Image by Abron on Flickr. Some rights reserved
Data journalism is not a new phenomenon. Speaking at the International Journalism Festival in Perugia, Steve Doig from the Walter Cronkite school of journalism highlighted this by talking about the impact of the rise of the personal computer in the early 1980s and how this helped journalists track “patterns” in the data they were getting hold of.
Before this technology arrived, such reporting was “often based simply on anecdotes”, he said. Giving the example of covering “the problem of drunk driving”, journalists would have previously had to have referenced a “bad example of such an accident” before moving to discuss the “larger problem”, he explained.
The nice thing about data journalism is it lets you go beyond anecdotes to evidence.
His workshop ran through some of the key features of Excel to help journalists sort, filter, “transform” and “summarise” data.
Below is a summary of some of the key points he raised – the full tutorial is available online.
- Sorting, filtering, transforming and summarising data with Excel
When it comes to the most common format of data, Doig said it “tends to be alphabetical”, which will not make it immediately clear to a journalist what the story, or stories, behind the data are.
So we want this to be “more journalistically interesting”, Doig said. As an example he demonstrated how journalists can sort numbers by highest or lowest.
When it comes to filtering data, he described some particularly large datasets as “forests”, and that journalists “only want to see the trees that we’re interested in”.
Using Excel journalists can hide data they are less interested in and effectively keep their work area tidy.
Journalists can also use Excel to “transform data using functions and formulas”. For example, he showed the delegates how to create new variables, such as working out a crime rate per 100,000 people when you already have statistics on population and crime. This then helps the journalist “make fair comparisons between places of different size”.
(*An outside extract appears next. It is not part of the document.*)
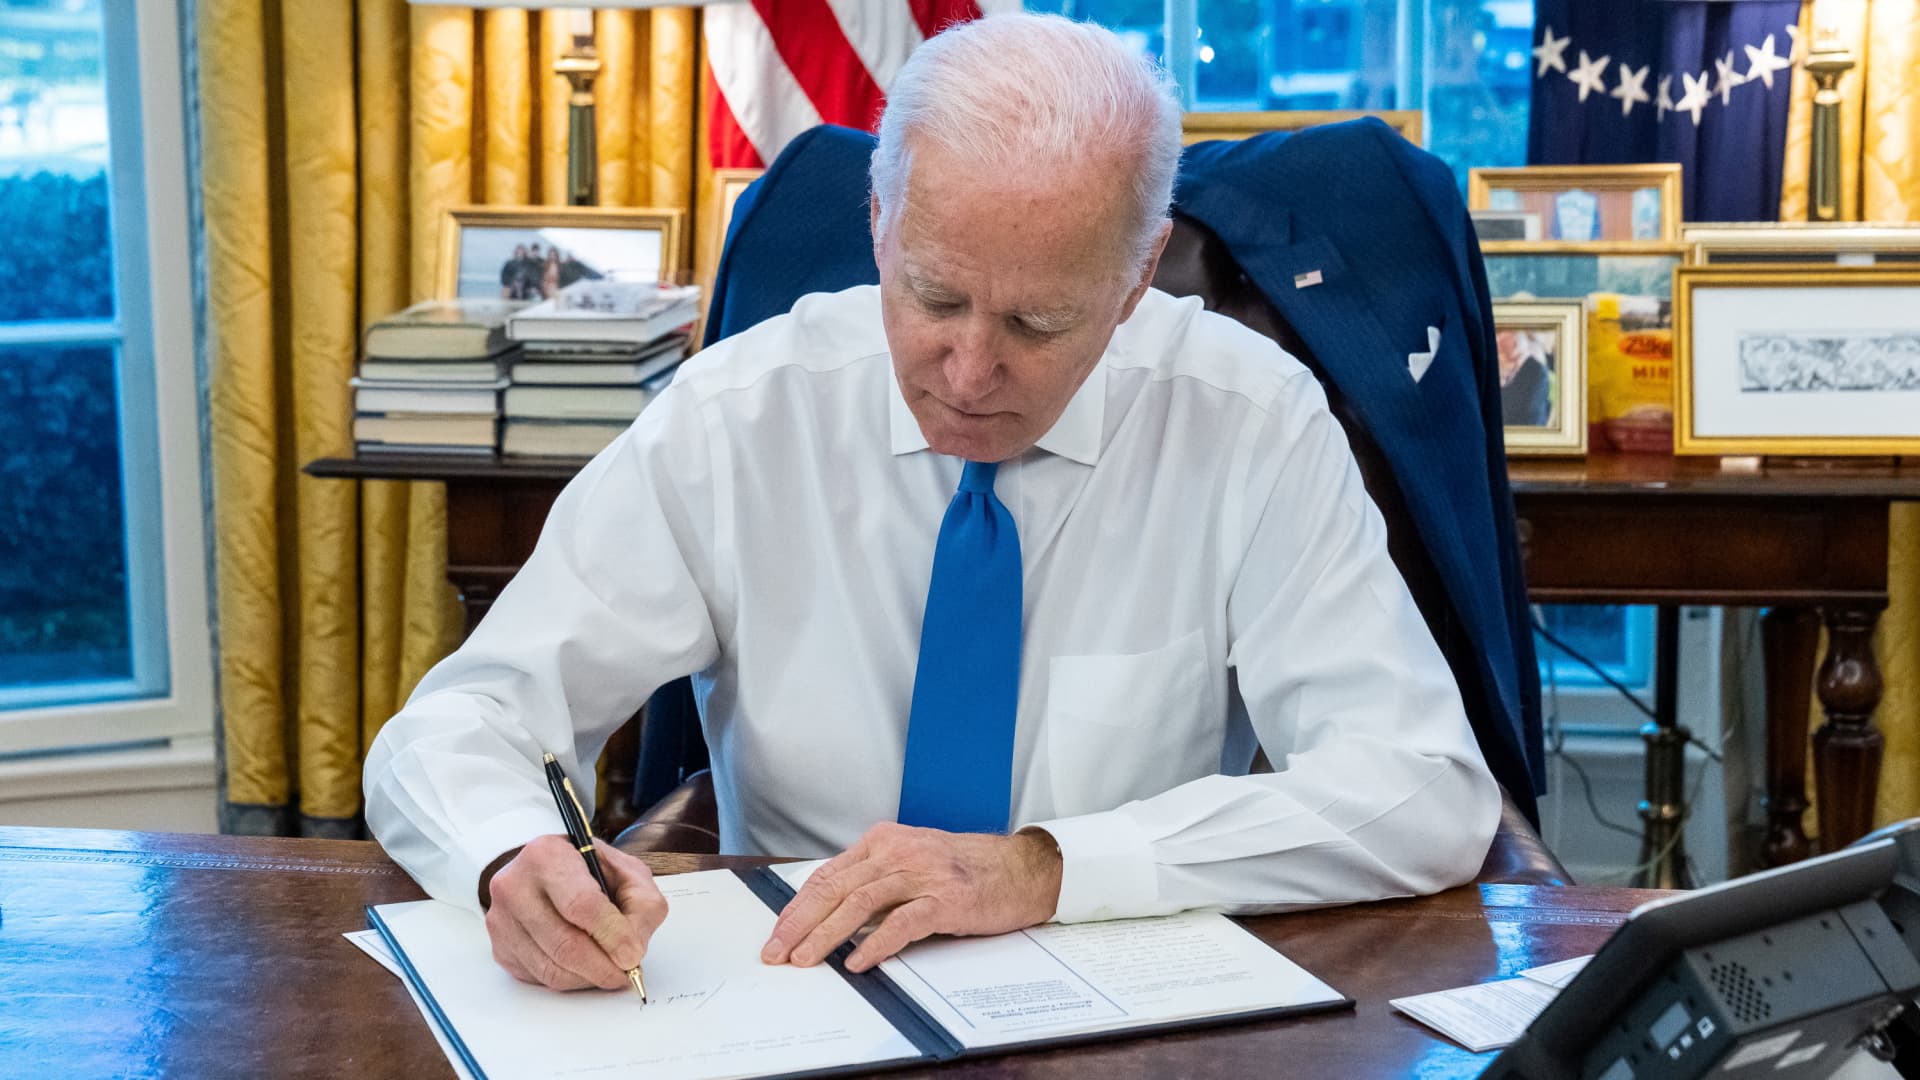 U.S. President Joe Biden signs an executive order to prohibit trade and investment between U.S. individuals and the two breakaway regions of eastern Ukraine recognized as independent by Russia, at the White House in Washington, U.S., February 21, 2022.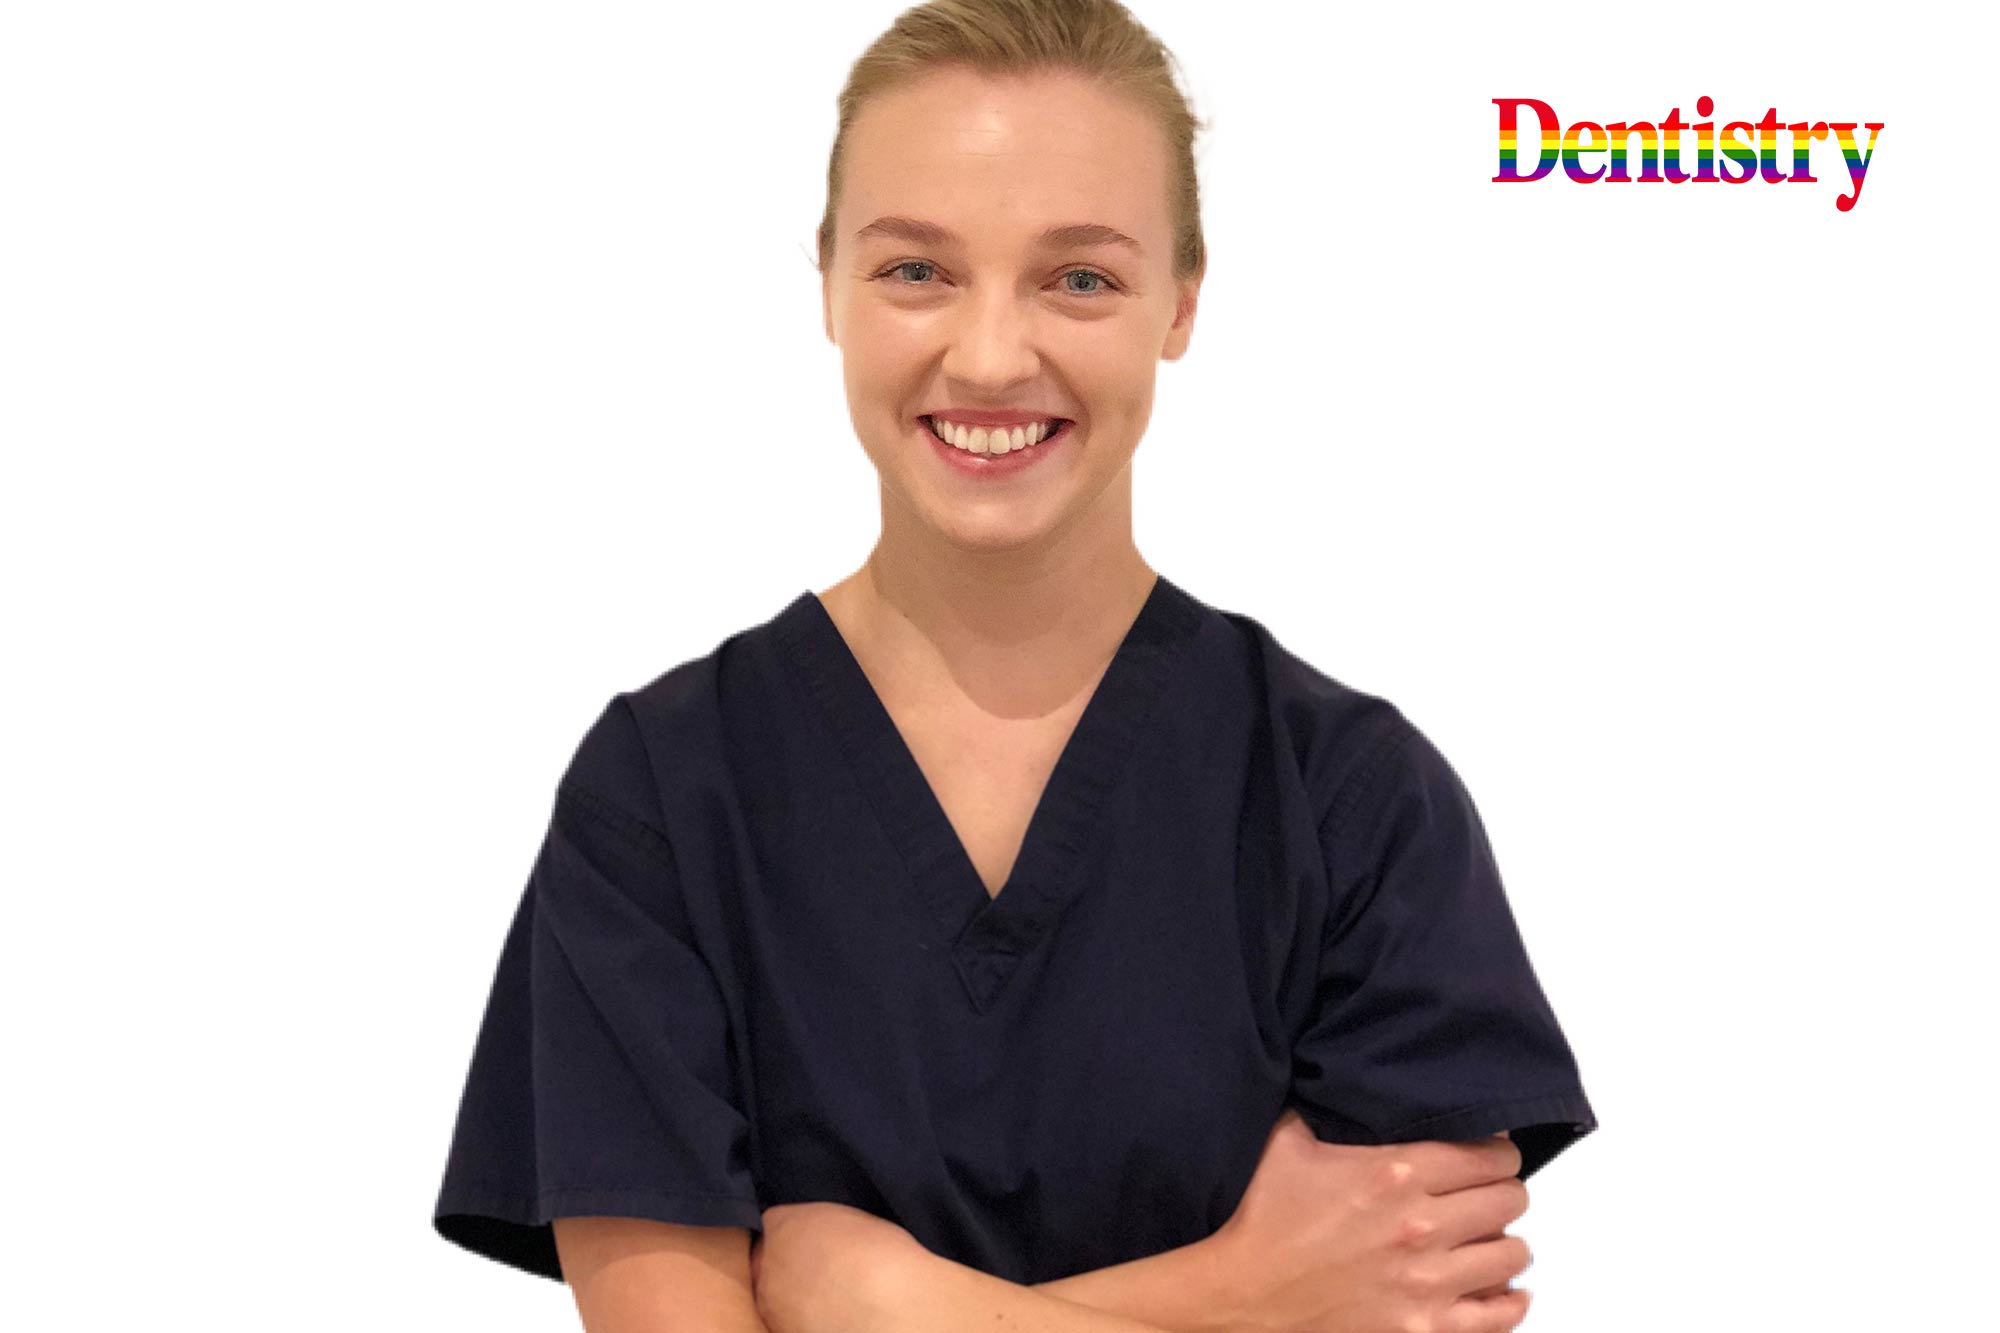 As we mark Pride Month this June, Anna Peterson opens up about her journey as a gay woman within dentistry and her mission to show people that you can be gay and be successful

Finally, you can “collapse your data down by categories”. This can be achieved by using pivot tables, which enables the users to select certain variables and bring those together.
For example, if you wanted to look at the number of murders by region, but the data is also broken down into smaller geographic areas, you could build a pivot table, select the ‘region’ variable in ‘row labels’ and select the column stating the number of murders and put it in ‘values’. This would combine the number of murders per region.
- Data stories are not only for economics or business journalism
Here is just a selection of the different types of data story subjects Doig highlighted:
– Budgets and taxes
– Crime patterns
– School test scores
– Auto accidents
– Demographic change
– Pet licences
– Air quality
– Sports statistics
- A simple toolbox can get you far when you are starting out
Highlighting some of the key tools for working with datasets, Doig said Excel lets journalists do the majority of the work they would need to, supported by database software like Access, mapping tools like ArcMap, a text editor and social network analysis plug-ins such as NodeXL.
And when it comes to visualising the data he pointed to data journalism staple Google Fusion tables, as well as coding language such as Ruby, Django, perl, python.
- Tap into industry resources
Doig recommended a number of outlets and online platforms offering industry expertise on data journalism:
– Data journalism handbook
– EJC
– NICAR
– Investigative reporters and editors
– SKUP
– Global Investigative Journalism Network